Material provided:
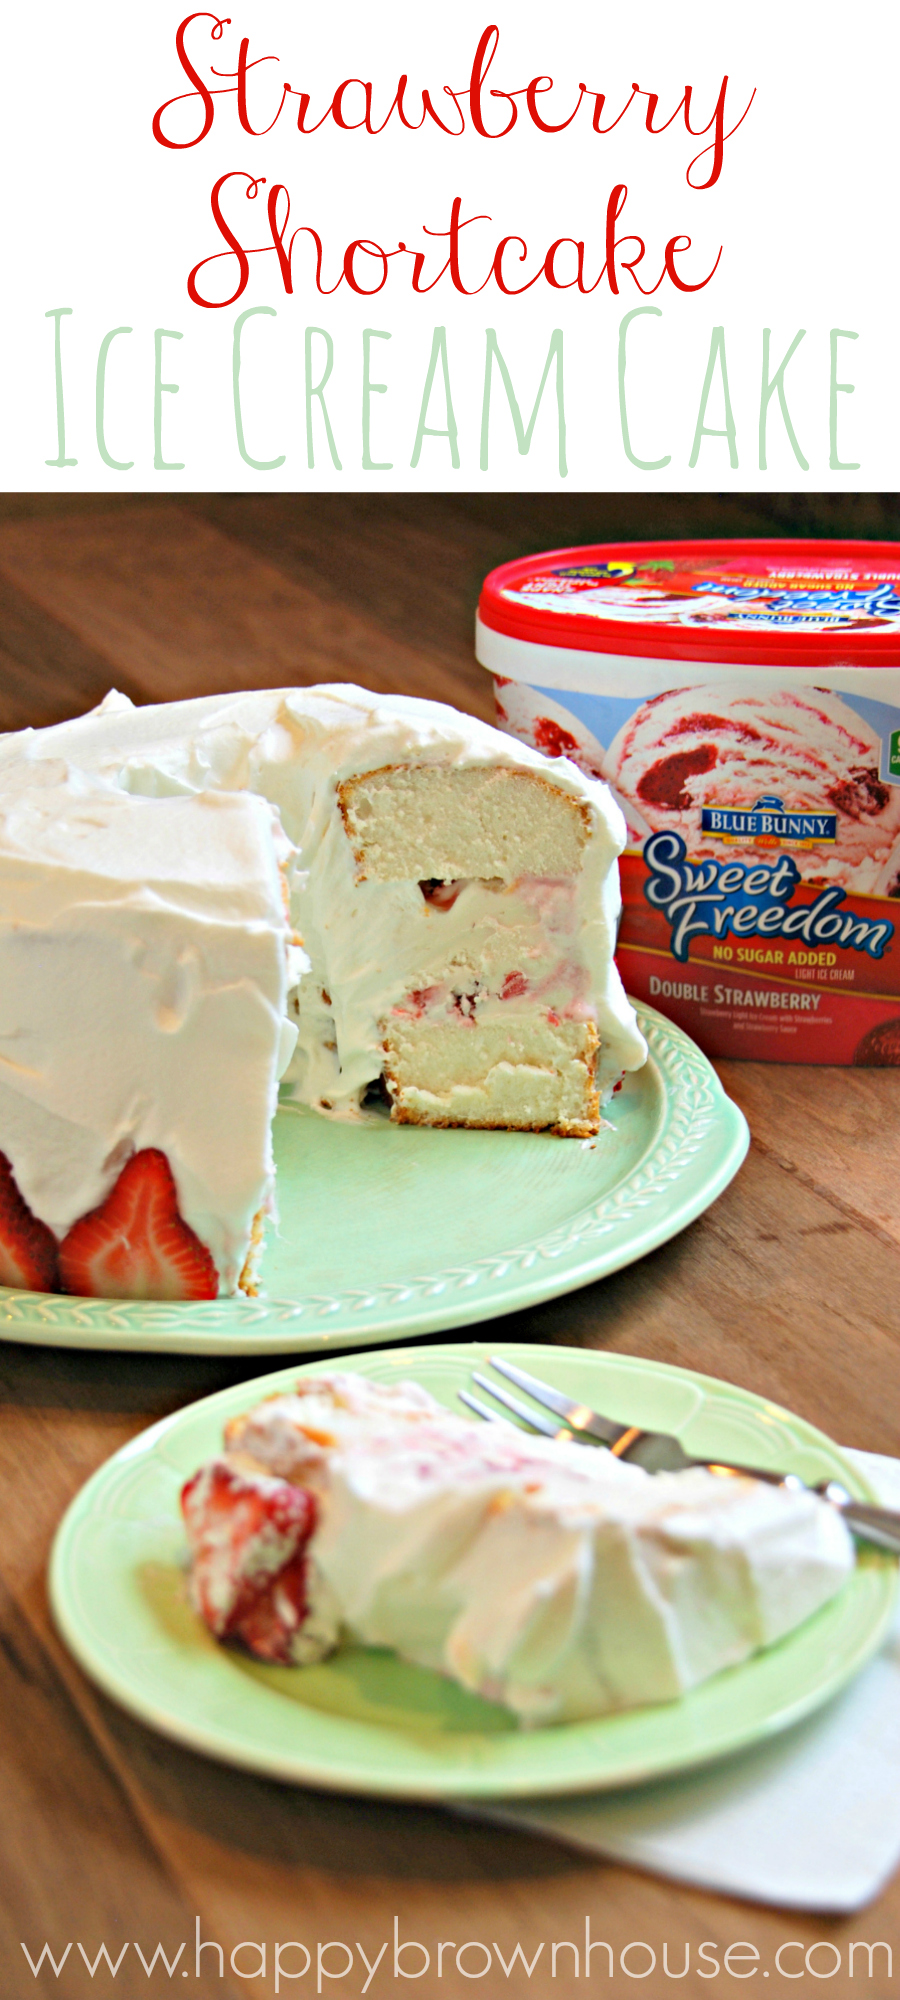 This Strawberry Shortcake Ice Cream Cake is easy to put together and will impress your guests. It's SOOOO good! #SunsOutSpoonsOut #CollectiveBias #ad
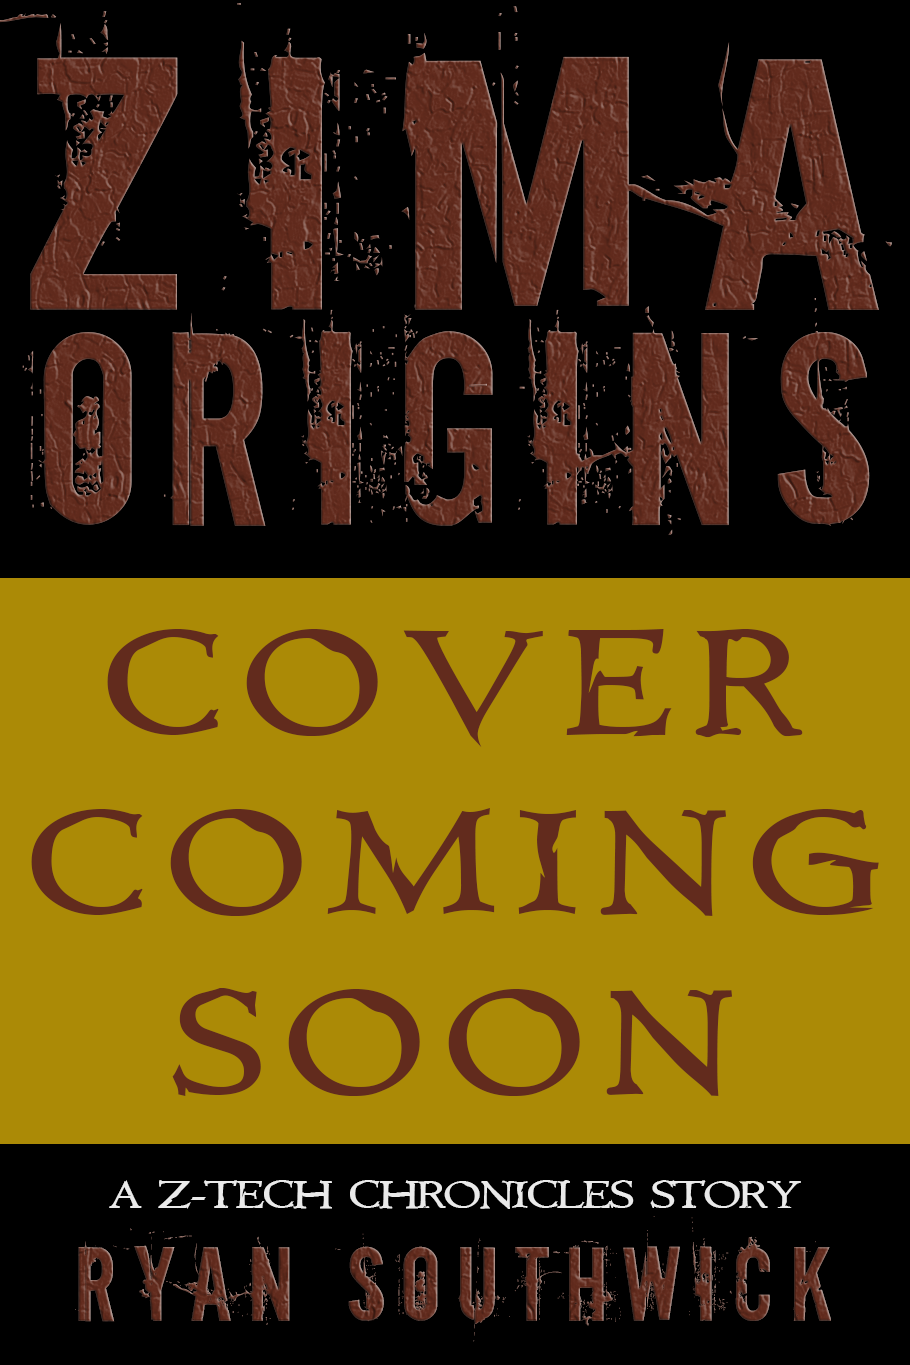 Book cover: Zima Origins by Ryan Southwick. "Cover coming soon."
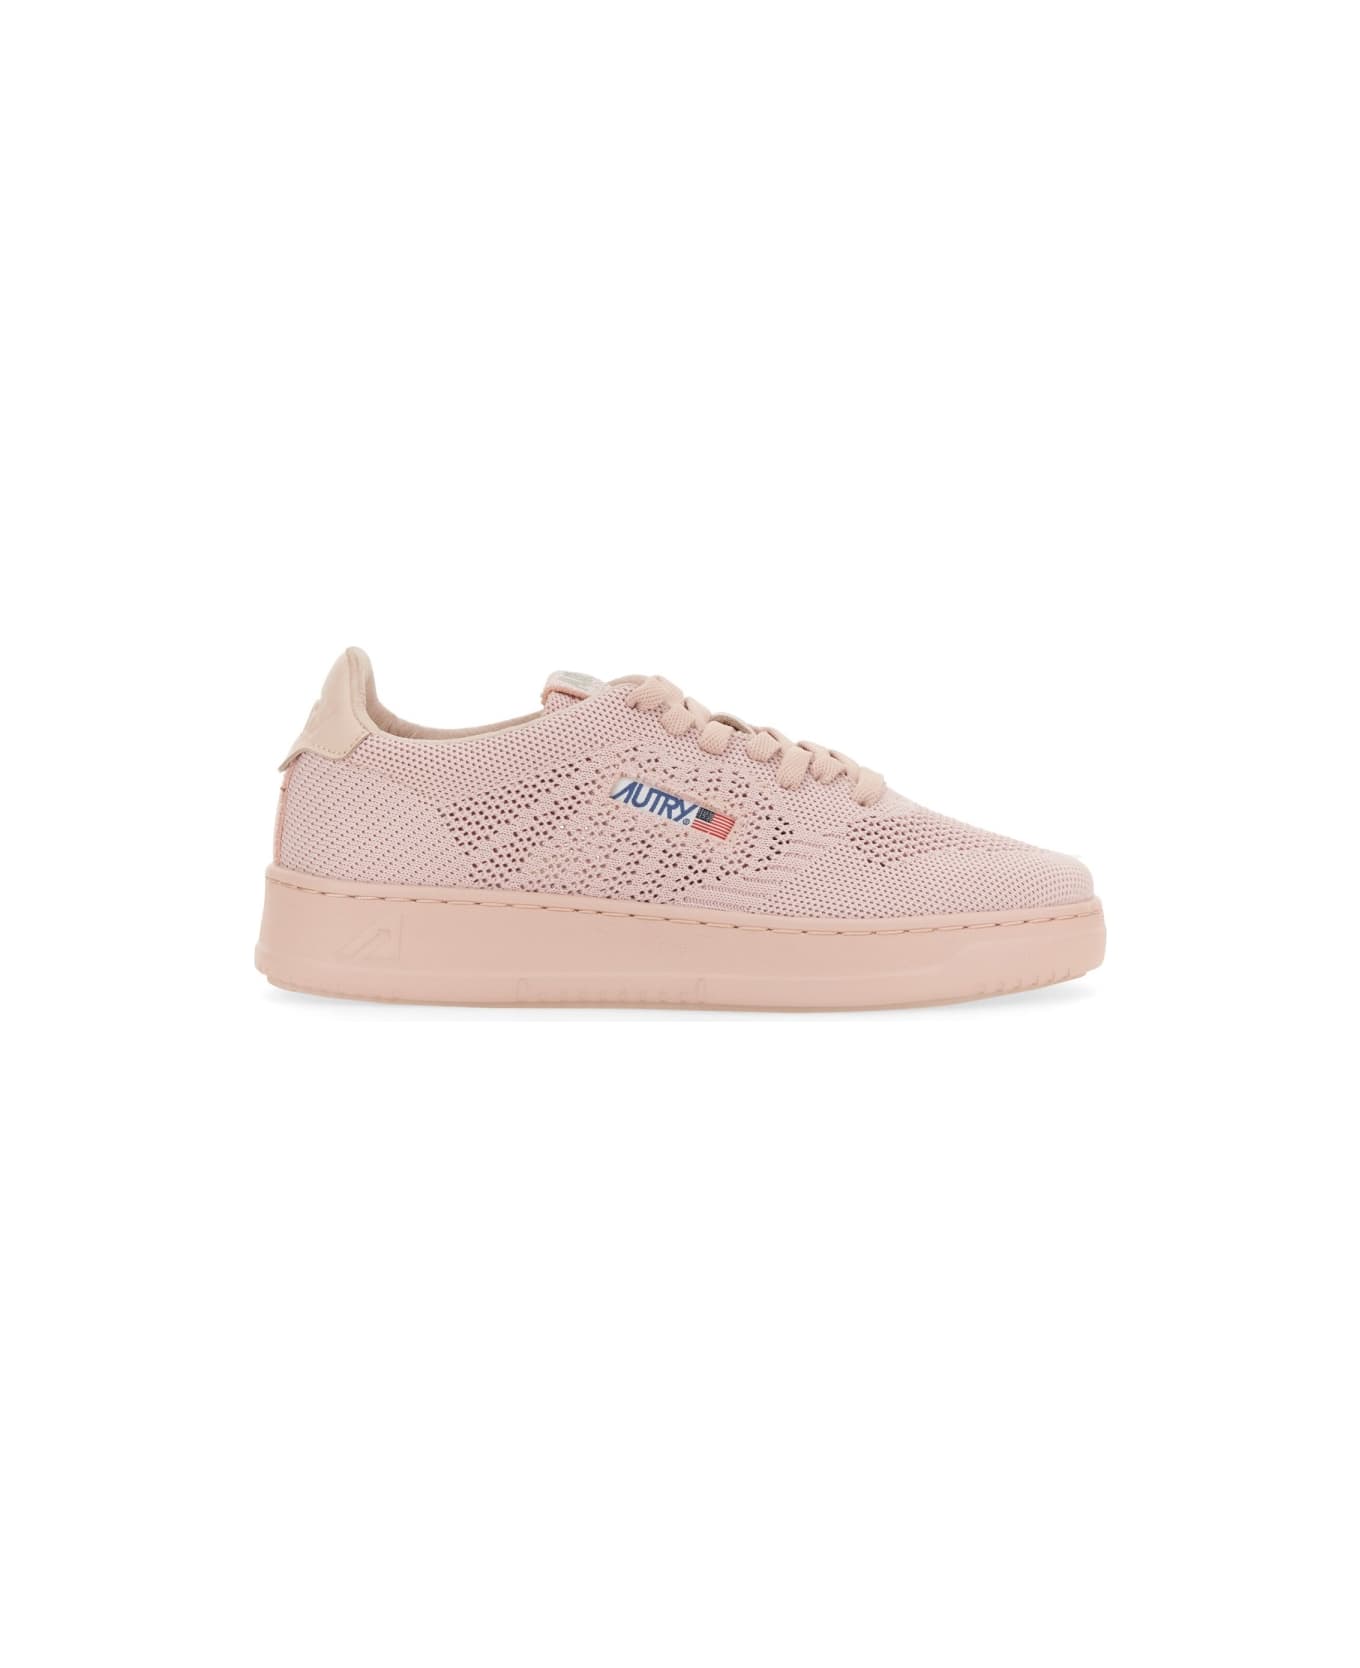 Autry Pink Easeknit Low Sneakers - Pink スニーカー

To do:
Please set down the whole listing above exactly and skip every picture.

Worked solution:
 This Strawberry Shortcake Ice Cream Cake is easy to put together and will impress your guests. It's SOOOO good! #SunsOutSpoonsOut #CollectiveBias #ad
 Book cover: Zima Origins by Ryan Southwick. "Cover coming soon."
 Autry Pink Easeknit Low Sneakers - Pink スニーカー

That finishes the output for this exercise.